Doing jobs for neighbours to build a reputation is a good way to start, he suggests.
‘Drive your business, rather than be driven’, says adviser
Farm businesses are still waiting for clarity from governments on the future direction of travel for farming policy in the UK.
But farmers may need to accept that there will be constant change and start making proactive decisions today based on the information available, says Jonathan Armitage, head of farming at Strutt & Parker.
“Unfortunately, we don’t have all the detail we would like,” he says. “But at some point, you have got to take control of your farming business and drive it, rather than being driven.”
Mr Armitage says there are two strategies for running a successful business.
First, take advantage of the opportunities, which involves exploring the options around the four lines of income for farm businesses:
- Profitable farming – growing crops and rearing animals to raise money
- Profit from agri-environment schemes, including various sources of natural capital
- Profit from diversification.
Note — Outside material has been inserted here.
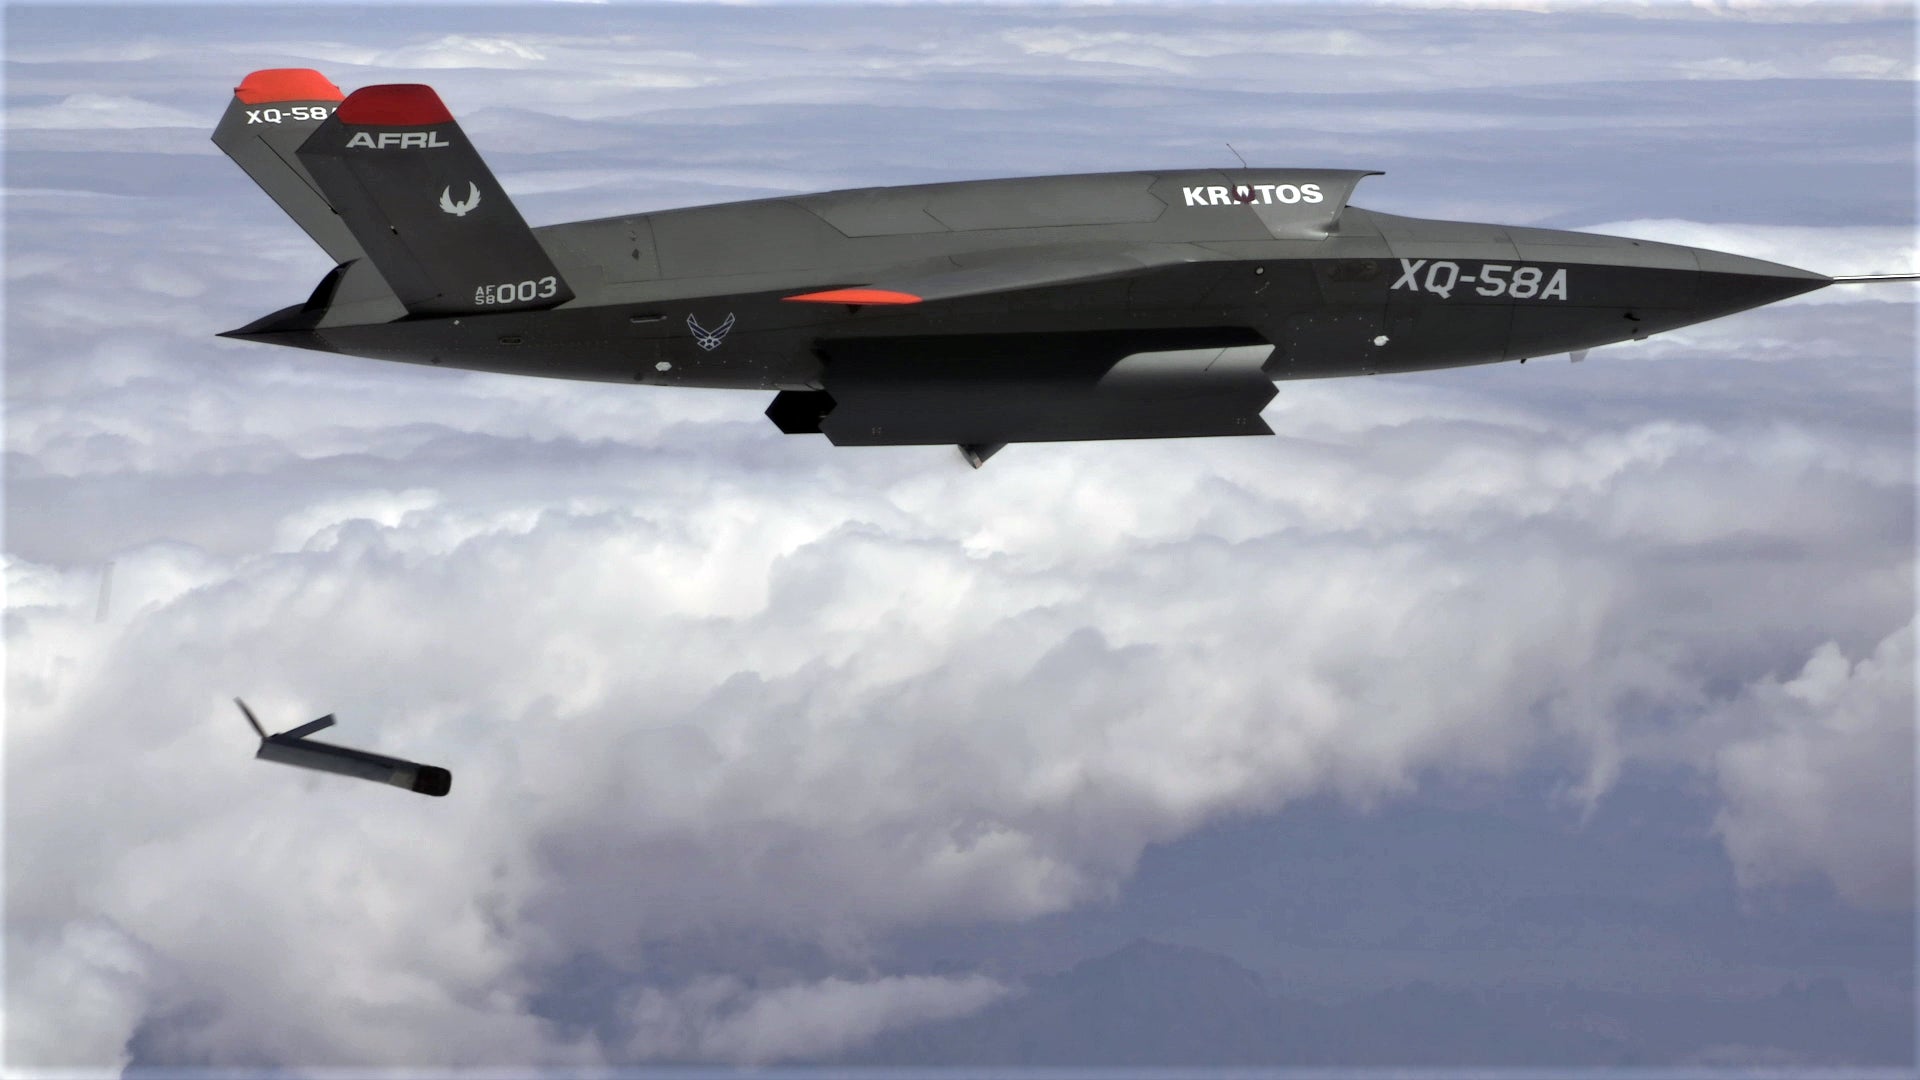 The XQ-58A Valkyrie demonstrates the separation of the ALTIUS-600 small unmanned aircraft system in a test at the U.S. Army Yuma Proving Ground test range, Ariz., March 26, 2021. The test was the first time the weapons bay doors have been opened in flight. (U.S. Air Force courtesy photo)

Most farms have some sort of non-farming venture
- BPS payments, which at present still make up the biggest element of profit for most farm businesses.
Mr Armitage urges all farm businesses to consider each of the four areas and how they can be used to maximise existing income streams or generate new ones.
“That could be about identifying marginal gains to drive up productivity or might involve introducing a particular crop or livestock for a specialist market,” he says.
Second, farmers need to analyse risk and manage it.
“If you are an arable farmer, one example could be deciding whether to grow oilseed rape or another break crop with a more stable output and contract price, such as sugar beet.”
Mr Armitage says farm businesses should also evaluate any financial risks, such as exposure to movements in interest rates.
Many farm businesses also have a small number of staff with individual skills sets that are heavily relied on. “What happens if that person is ill, or leaves. What will you do in that eventuality?” he asks.